Greatness thrust upon them

The latest research seems to imply that all earthquakes are born equal. But combining that insight with earlier, seemingly contradictory, work could help us to tell which tremors grow to become more equal than others.

In an analysis on page 358 of this issue1, Steven Wesnousky provides strong evidence that the ultimate size of a seismic rupture is largely controlled by the structure of the underlying fault, and therefore that big earthquakes do not differ from small earthquakes in their beginnings. These data might seem to conflict with earlier observations implying that the size of an earthquake is determined by the dynamics of rupture onset. In fact, both conclusions could be true, and combining these two data sets in future analyses of seismic hazards might result in a better prediction of the eventual size of an earthquake before the shaking stops.

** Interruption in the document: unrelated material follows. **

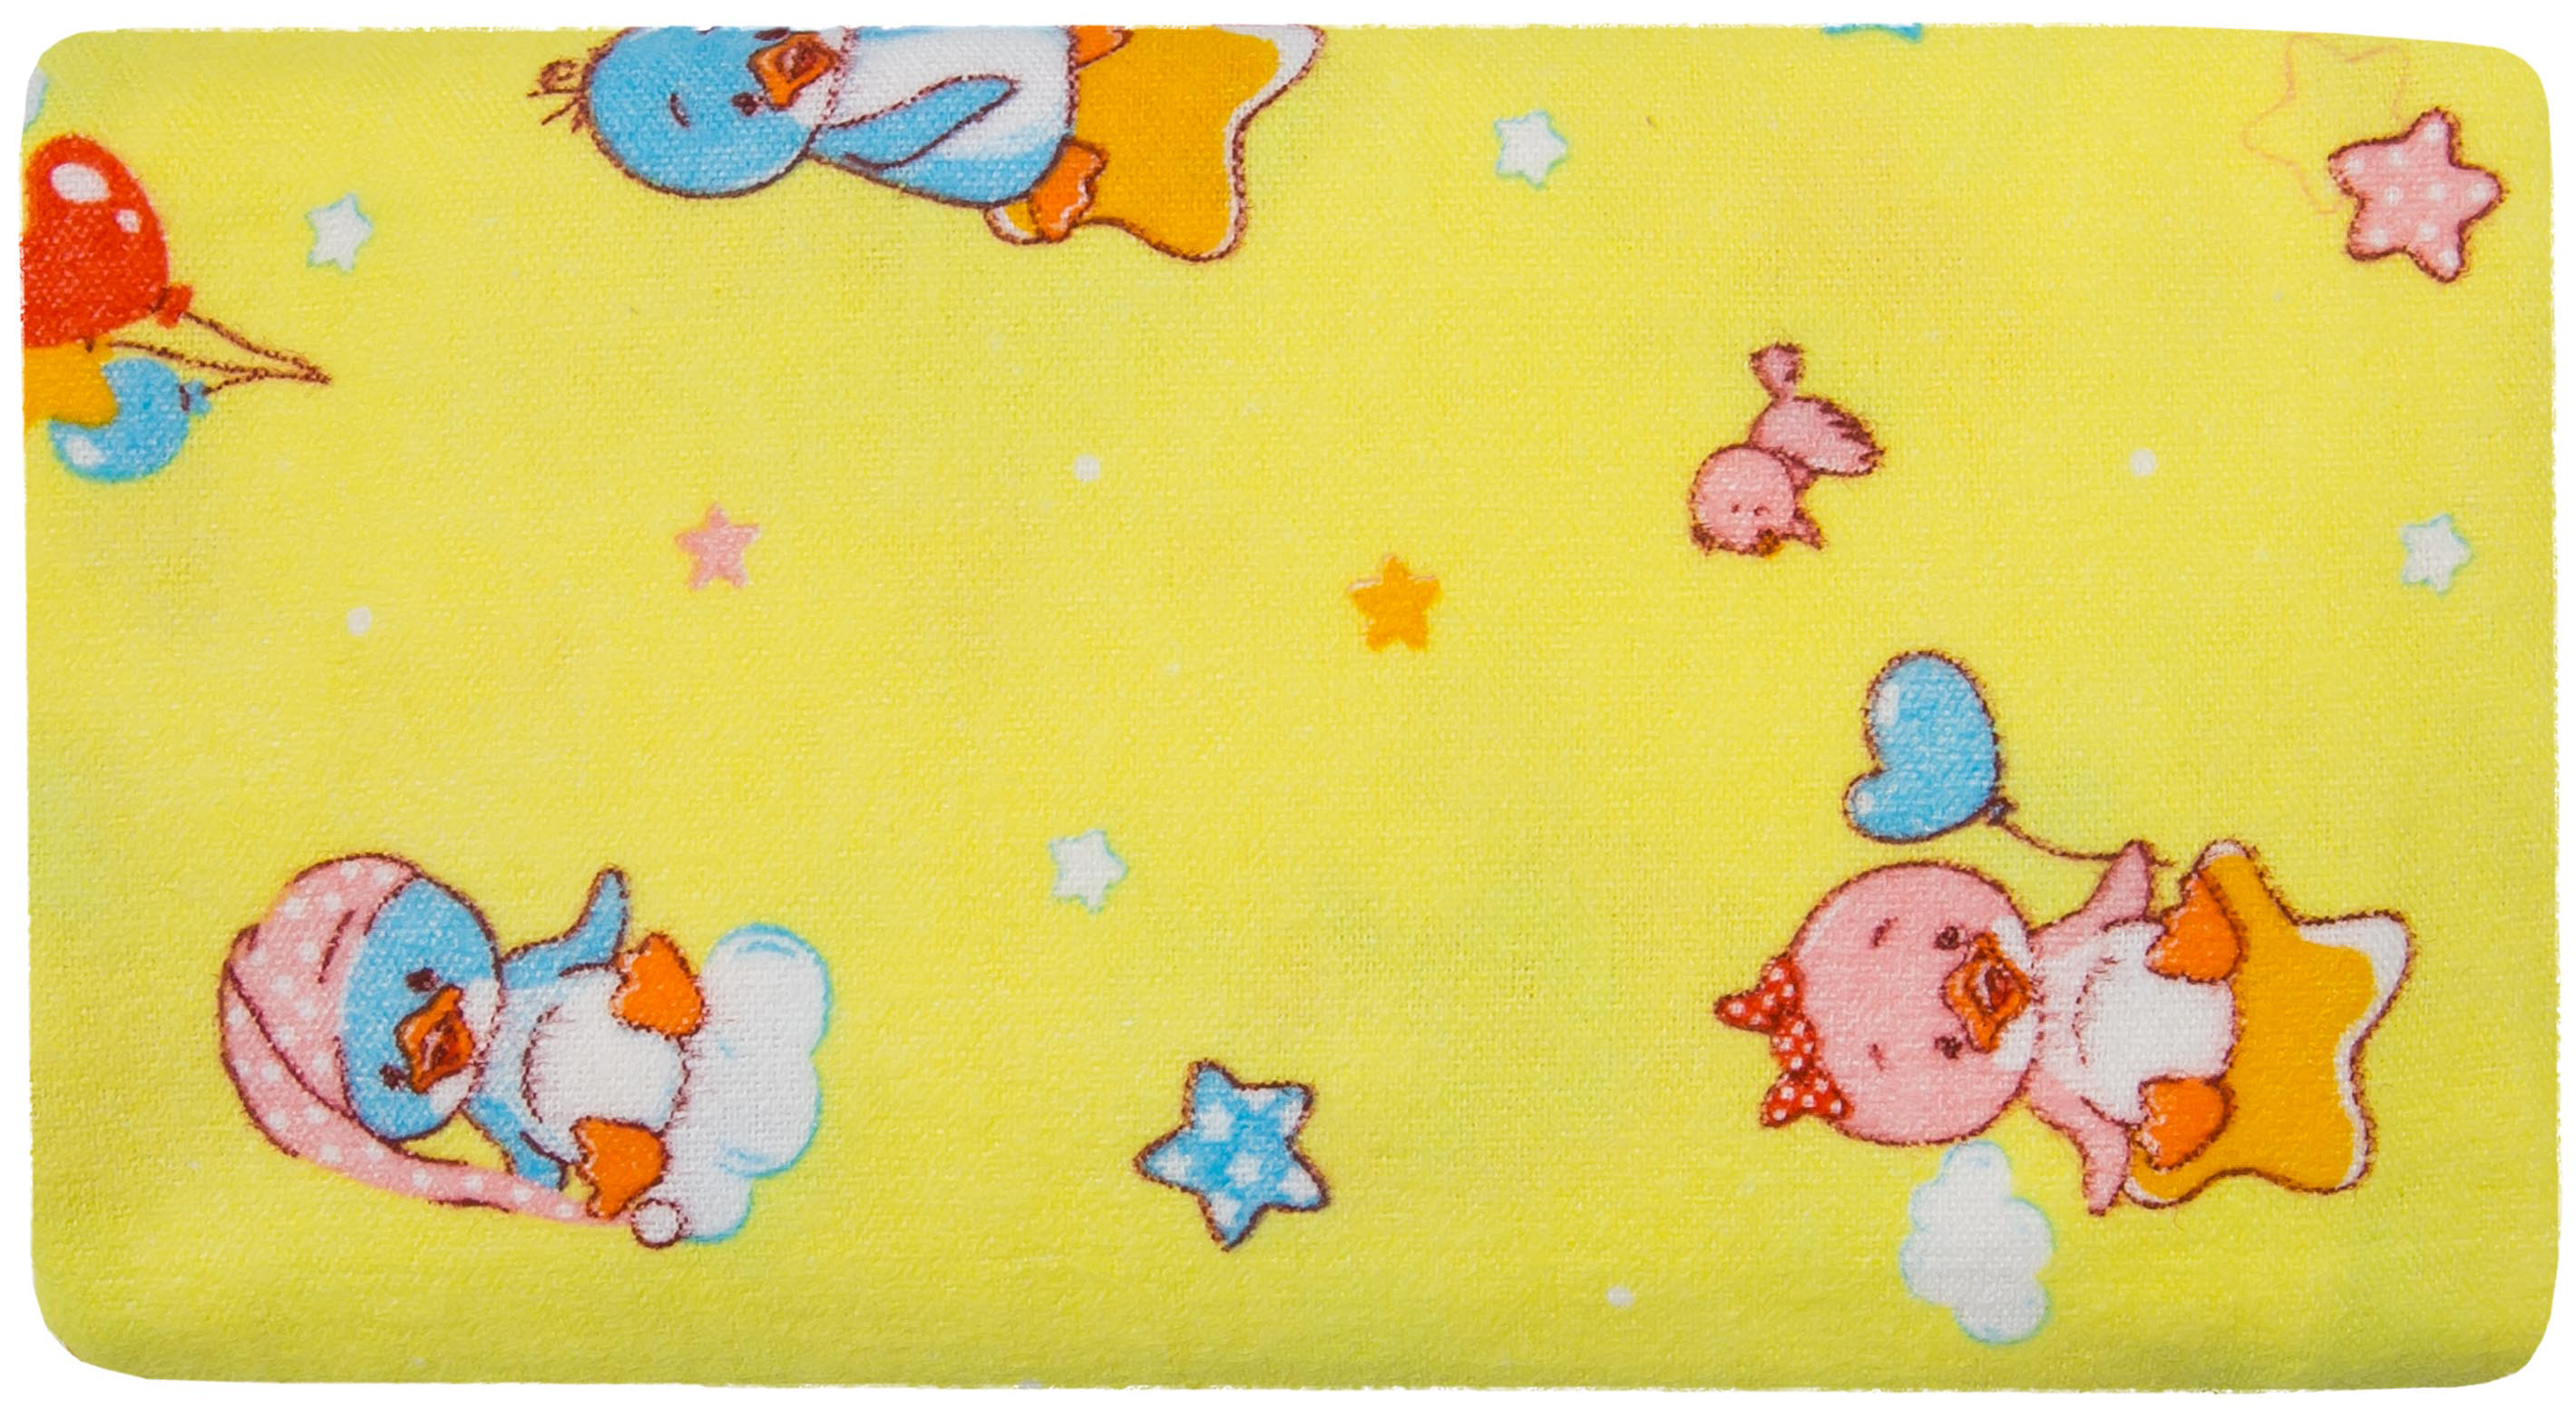 Купить Первые вещи новорожденного, Комплект пеленок Barkito, фланель, 2шт, белая с рисунком Горошки, желтая с рисунком Пингвины, 90x120 см, Россия, белый с рисунком горошки , желтый с рисунком пингвины

Many Earth scientists have long suspected that the limit of an earthquake rupture, and therefore the magnitude of an event, is largely controlled by the structure of the fault zone and variations in stress along the fault itself2,3,4. In this view, all earthquakes begin in the same way, and continue to propagate until they reach a barrier, in the form of a structural complexity or a part of the fault on which the stresses are sufficiently low to stop rupture. But the alternative standpoint — that large earthquakes are in some way born differently from their smaller brethren5,6 — is attractive because it holds the promise of determining the eventual size of an earthquake during the first few seconds of the rupture. That could provide the basis for an effective early-warning system.

Wesnousky's contribution1 to this debate is to examine the end-points of 22 surface-rupturing earthquakes of moderate to large magnitude (M = 6.1–7.9) from the past 150 years. He found that approximately two-thirds of all ruptures terminated at either a structural 'step' in the fault or at an intersection with a second fault. Moreover, he found that no ruptures, regardless of their magnitude, were able to propagate through structural steps wider than 3–4 kilometres. Collectively, these observations demonstrate the fundamental role played by the structure of the fault in stopping a seismic rupture, and imply forcefully that an earthquake cannot 'know' how large it is destined to be until forced to stop at a structural or stress barrier.

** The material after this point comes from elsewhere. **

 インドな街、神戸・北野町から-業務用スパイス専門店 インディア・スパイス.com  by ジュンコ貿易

These observations are in apparent conflict with results showing that the predominant frequency of the waves of seismic energy radiated during the first few seconds of a rupture differs for large and small earthquakes. Olsen and Allen6, for example, examined the frequency content of the early stages of 71 seismic ruptures from M = 3 to M = 8.3. The predominant frequency of these earthquakes decreased with increasing magnitude; in other words, small earthquakes released a higher proportion of their energy as higher-frequency waves than did large earthquakes. That seemed to indicate that the final magnitude of an earthquake is determined before the end of the event, and so is at least partially controlled by the rupture initiation process.

An explanation for the seeming contradiction of these conclusions1,6 could lie in the detailed structure of the fault planes themselves. Earlier research, much of it by Wesnousky and colleagues7,8, showed that the more a fault slips over its lifetime, the smoother the slip surface becomes. The structure of faults with small displacements is therefore likely to be much more complex than that of faults that have accommodated tens to hundreds of kilometres of displacement.

It is not surprising that earthquakes nucleated on smooth faults generate less energy at high frequencies right from the start than do earthquakes nucleated on rougher, less-developed faults. Each small-scale structural feature of a fault acts as a separate source of high-frequency energy. Olsen and Allen's correlation6 might thus simply reflect the fact that small earthquakes can occur on small faults that have not accommodated significant displacements over their lifetimes. Many of these earthquakes may occur in the zone of damaged rock surrounding large faults.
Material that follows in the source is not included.